Gov. Rick Snyder scaled back the giveaways in 2011

During Michigan’s economic “Lost Decade” of the 2000s, state government seemed to have just one response for crushing income and employment declines that cost some 800,000 residents their jobs between 2000 and 2010: more corporate welfare.

If there was any evidence this approach works to turn around an ailing economy — there is not — it still could not have overcome the massive drag imposed on the Michigan economy by business and income tax increases enacted in 2007, and smaller exactions like a 2004 property tax hike.

Starting in 2011 a new governor steered a different course. Gov. Rick Snyder scaled back the pace of corporate giveaways, eventually ended a disastrous $500 million film subsidy adventure and replaced a destructive gross-receipts-type business tax with a simpler and less onerous corporate income tax.

It appears to have helped as Michigan incomes and employment levels have grown much faster than the national average since the last recession.

But corporate welfare is always an attraction for politicians. Today, in the absence of any overarching growth agenda, lawmakers on both sides of the aisle are falling back into past bad habits. Indeed, the upcoming lame duck legislative session could see a corporate welfare blowout.

To protect his legacy of growth and reform, Gov. Snyder should be prepared to wield a sharp veto pen.

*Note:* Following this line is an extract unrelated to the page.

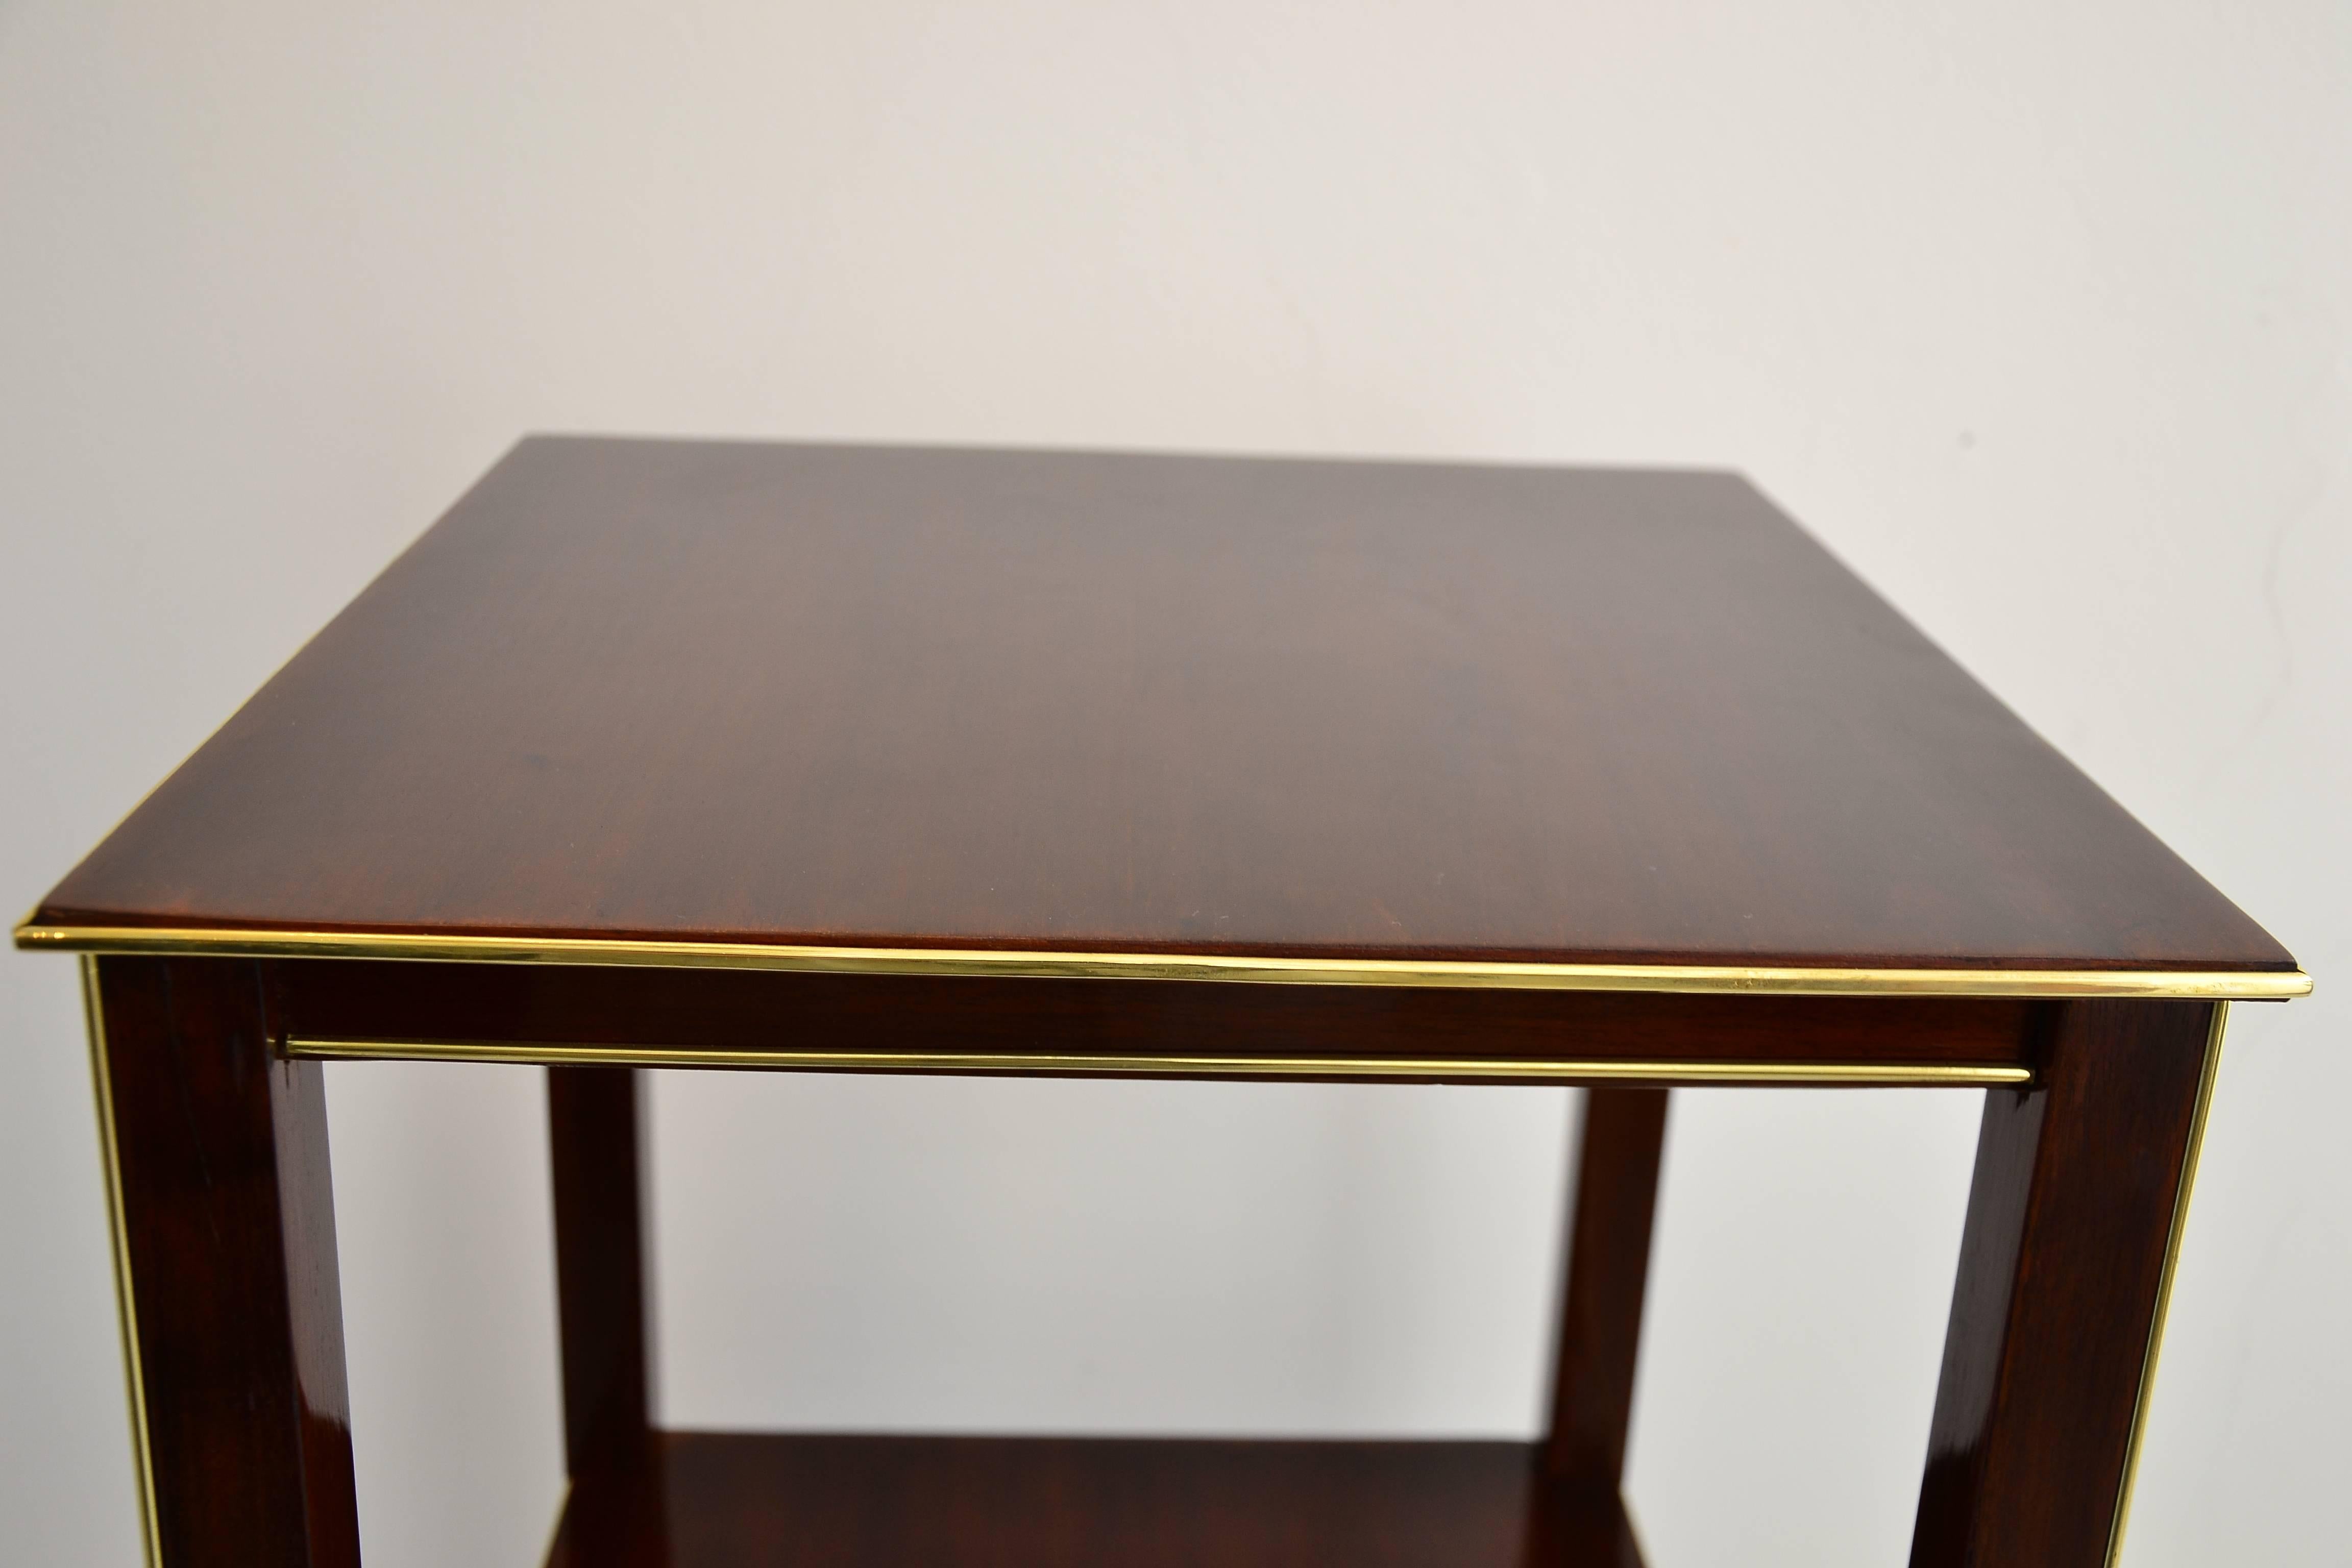 Austrian Art Deco Table Polished Nut Wood and Brass Inlaid, circa 1920

One bipartisan proposal could deliver potential taxpayer subsidies to Dan Gilbert of Quicken Loans and other downtown developers. Fiscal analysts can't yet estimate the costs. Snyder has raised some concerns but not taken a public position on the idea.

Another bill from Rep. Holly Hughes (R-Muskegon) proposing a new kind a port authority is being pitched with various “economic development” rationalizations. The measure passed the House in a bipartisan vote on September 22. It could deliver port revenue to politically well-connected developers while leaving taxpayers holding the bag if things go badly.

The owners of two privately owned port facilities in Muskegon are not amused at the prospect of competition from their own local government. One of them said in press reports that he and the other operator can easily handle any new demand for shipping cargo into Muskegon and adding another player would be counterproductive, and unfair too.

Hughes has struggled to justify how this legislation is a net plus for her region or the state. When pressed in a WJR radio interview, she told host Frank Beckmann to call someone else for details.

Lansing’s corporate welfare backsliding may be gaining momentum. The recent push began with a 2012 vote to deliver taxpayer dollars to Detroit Red Wings owner Mike Ilitch for a new stadium project. Last year lawmakers wrote a special law giving tax breaks to a Nevada company that wanted to use the moribund Steelcase “Pyramid” building near Grand Rapids for a data center.

Today, in addition to Hughes's legislation and the Gilbert proposal, there’s also a “public-private partnership” bill introduced by Sen. Mike Kowall. Like the port proposal this also could become a vehicle for delivering private profits for well-connected developers while taxpayers cover the losses.

In another disturbing echo of Michigan’s last “lost decade,” the renewed corporate welfare push comes after a series of tax hikes imposed on regular citizens, including vehicle registration and gas tax increases.

If the current year in politics has demonstrated anything, it’s that the public wants political elites to stop making special deals that benefit the system they are part of more than the public. Let’s hope Michigan lawmakers don't add fuel to that fire here.